COLLECTED DATA =>
+===+

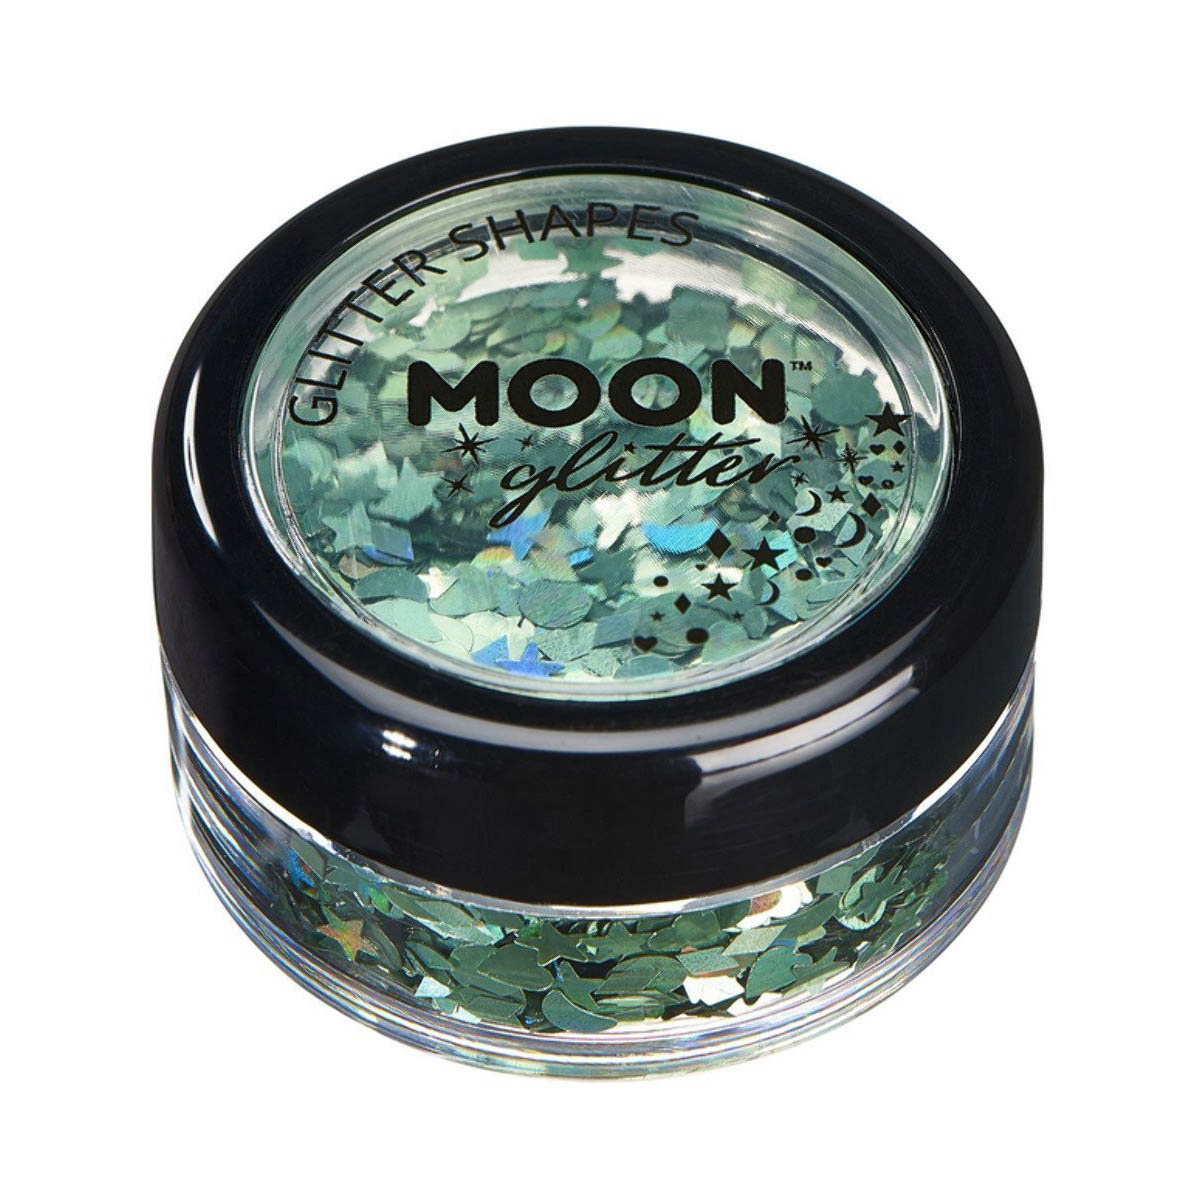 Moon glitter i burk, holografiska former 3g Grön
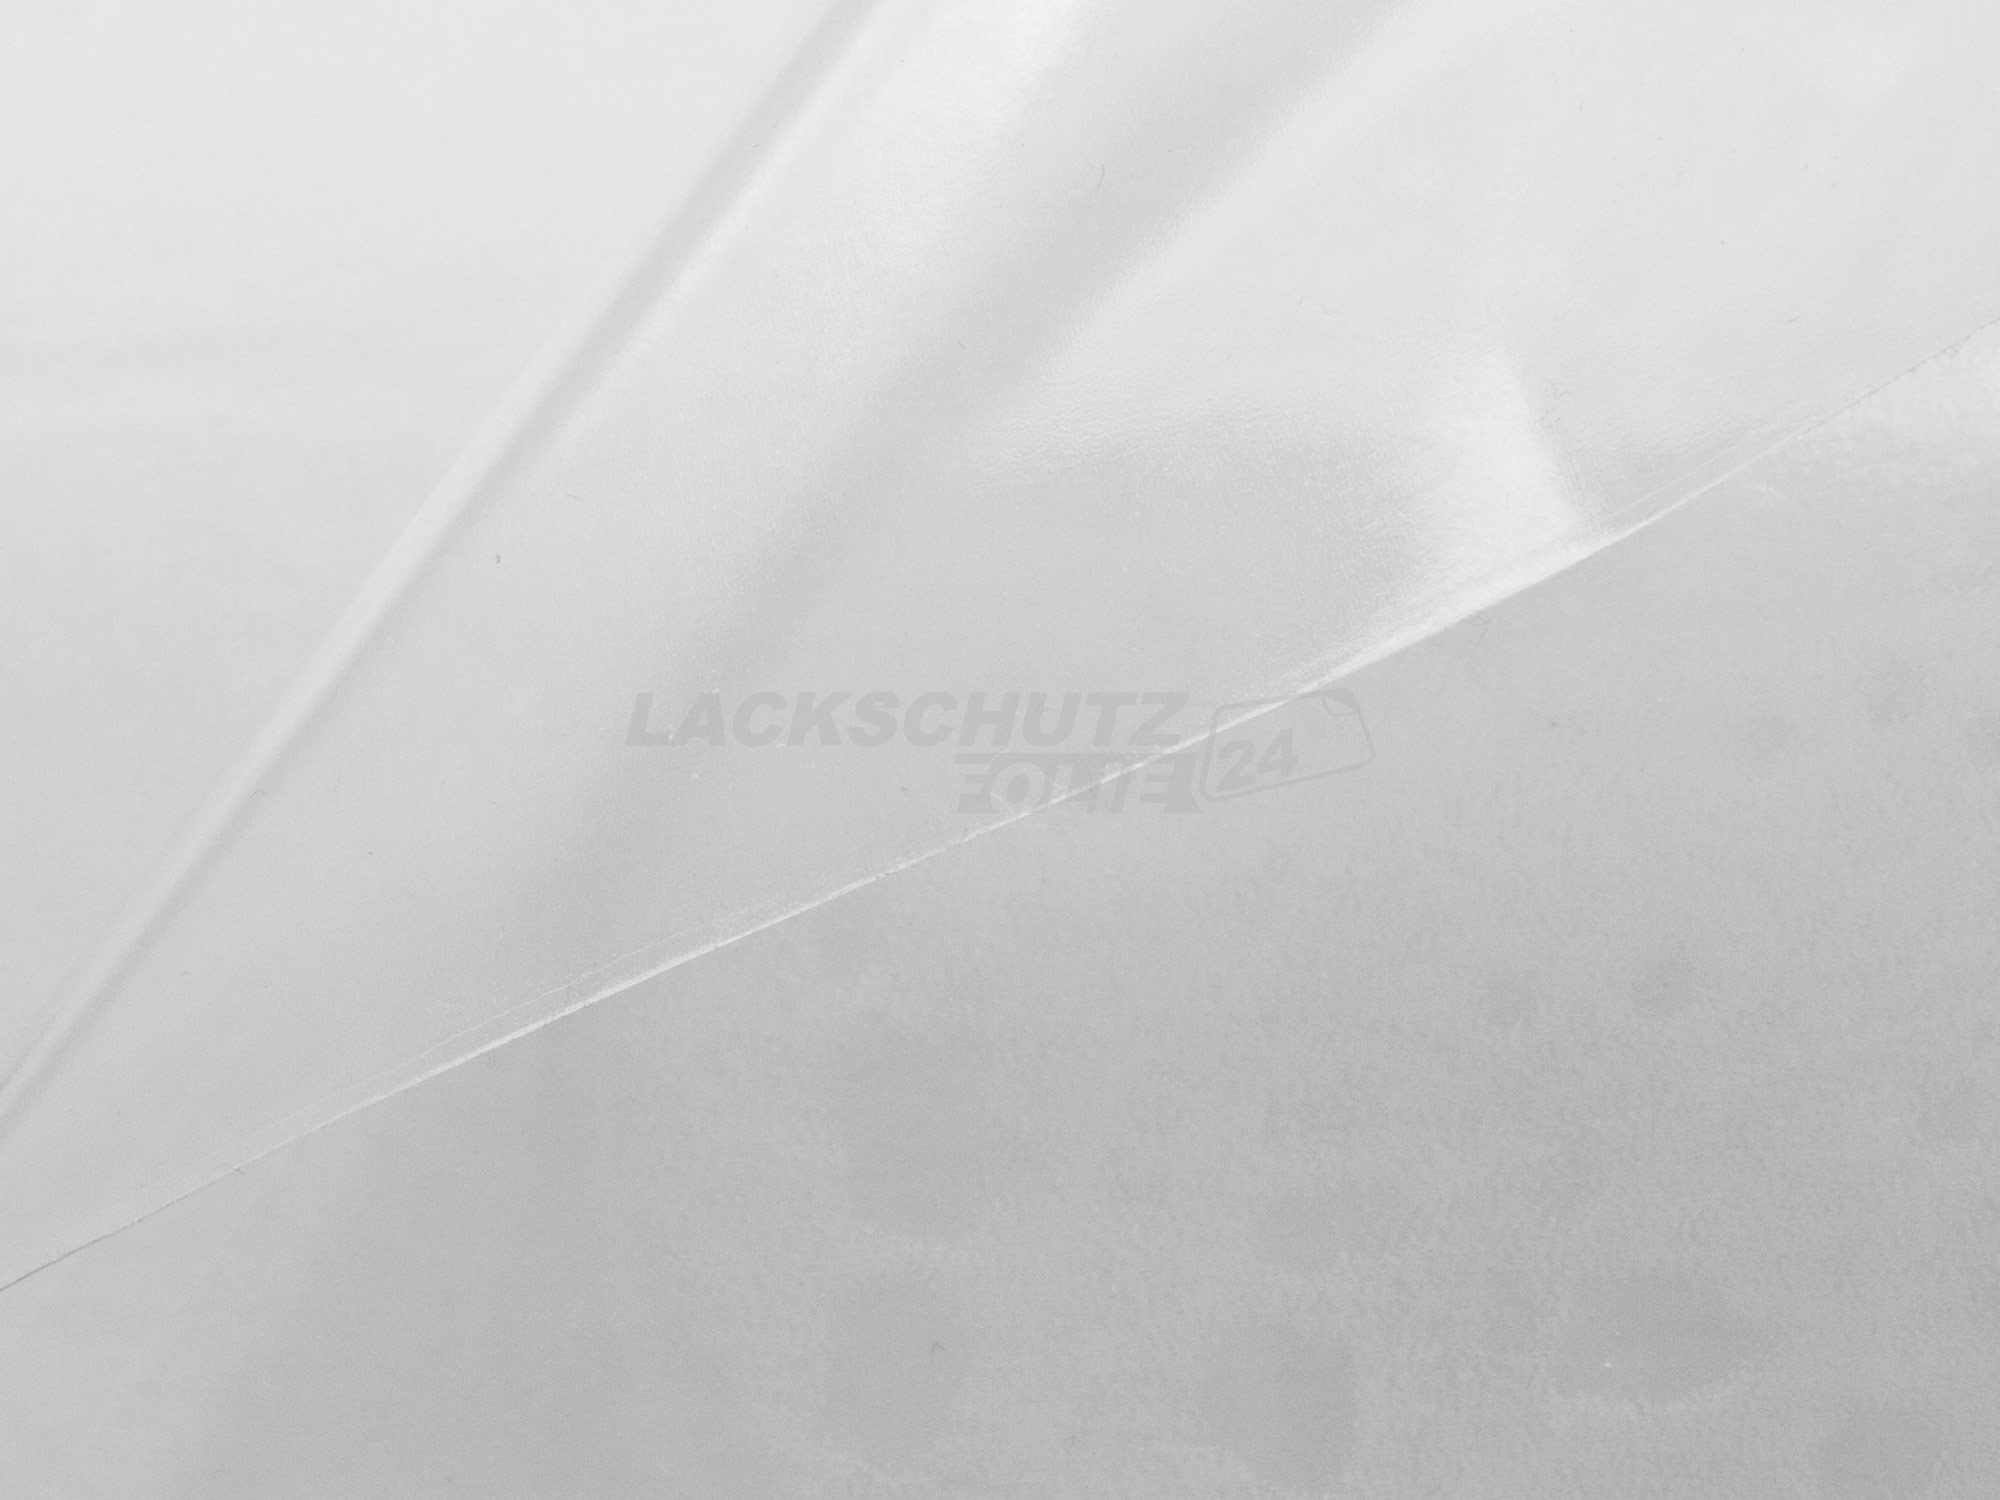 Ladekantenschutzfolie - Transparent Glatt Hochglänzend 150 µm stark für Audi A4 Limousine B6, Typ 8E, BJ 2000-2004
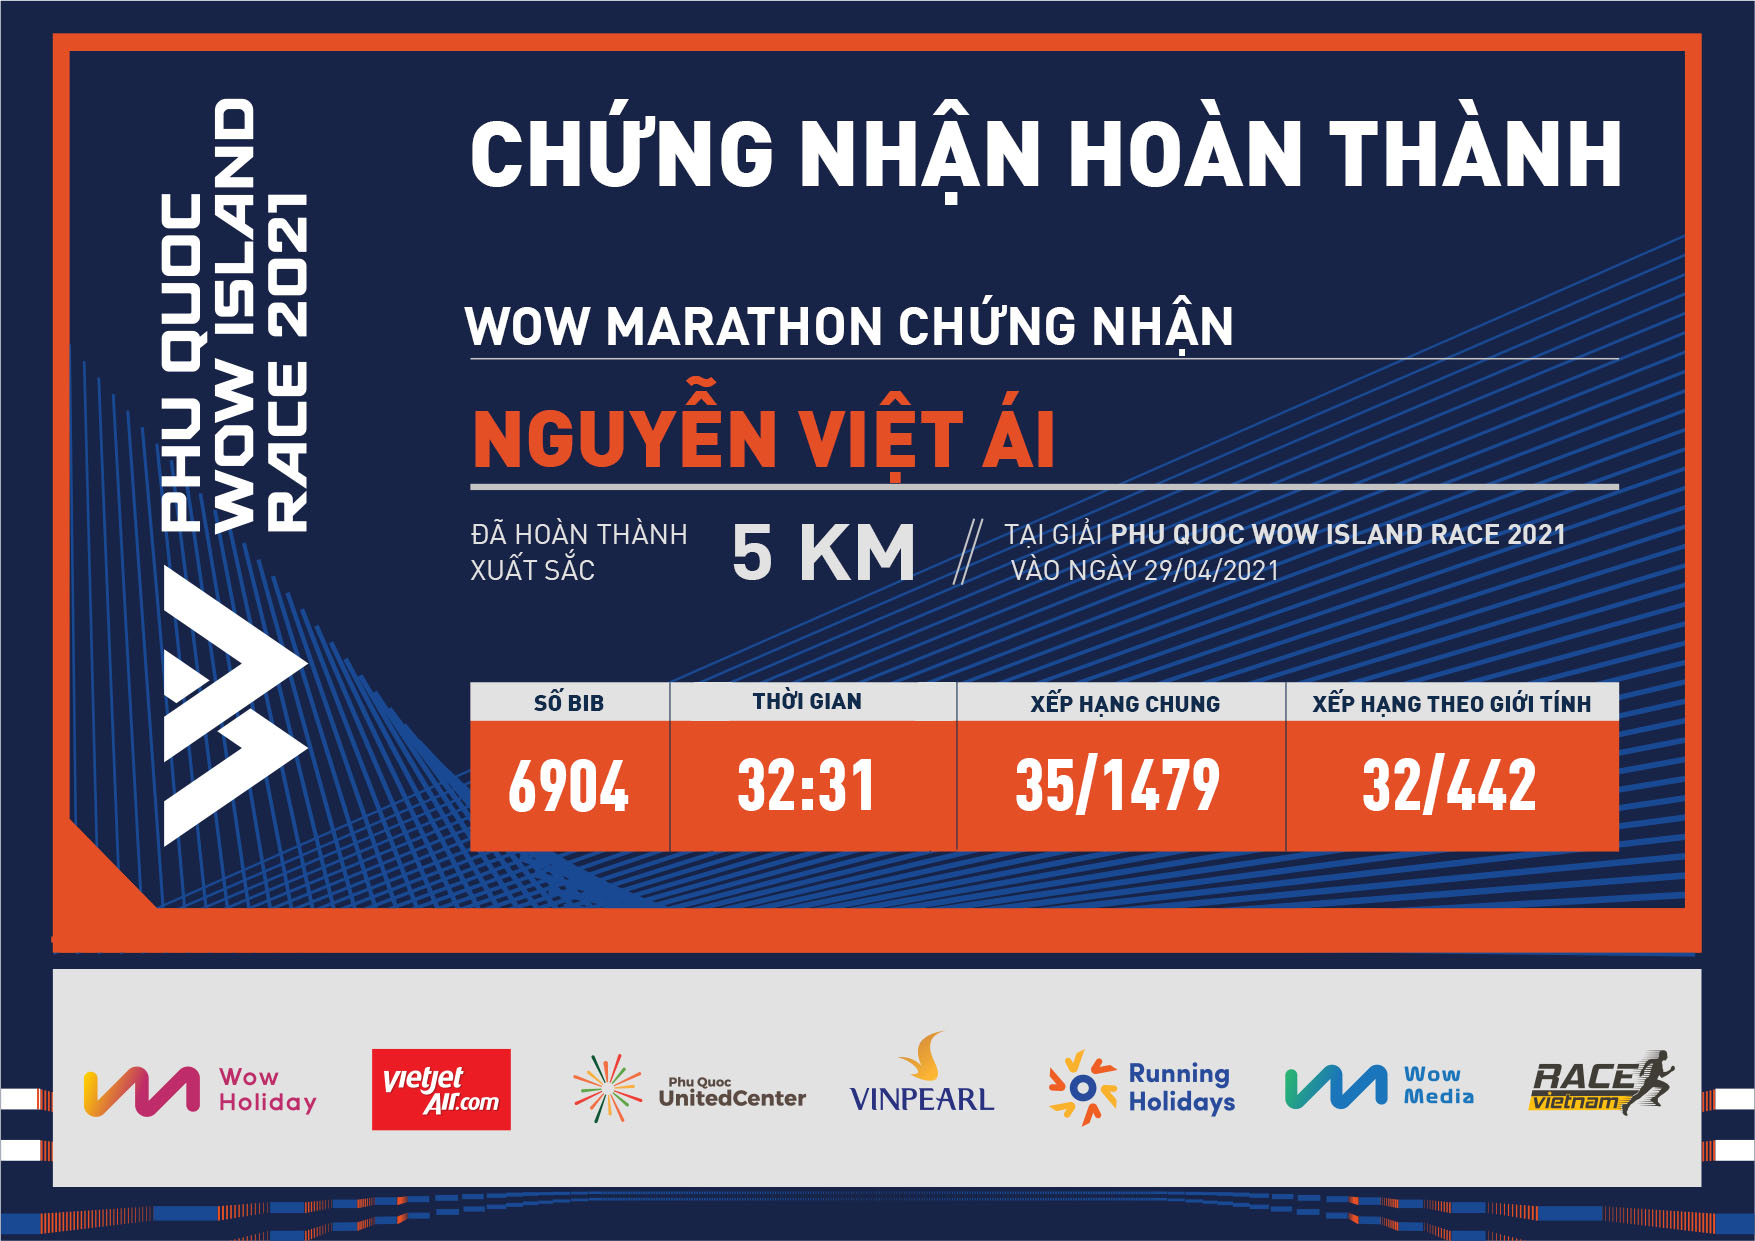 6904 - Nguyễn Việt Ái

+===+

For this exercise, reproduce the data above exactly from the line containing "Ladekantenschutzfolie - Transparent" through its final line, both ends included, with no pictures in the copy.

 Ladekantenschutzfolie - Transparent Glatt Hochglänzend 150 µm stark für Audi A4 Limousine B6, Typ 8E, BJ 2000-2004
 6904 - Nguyễn Việt Ái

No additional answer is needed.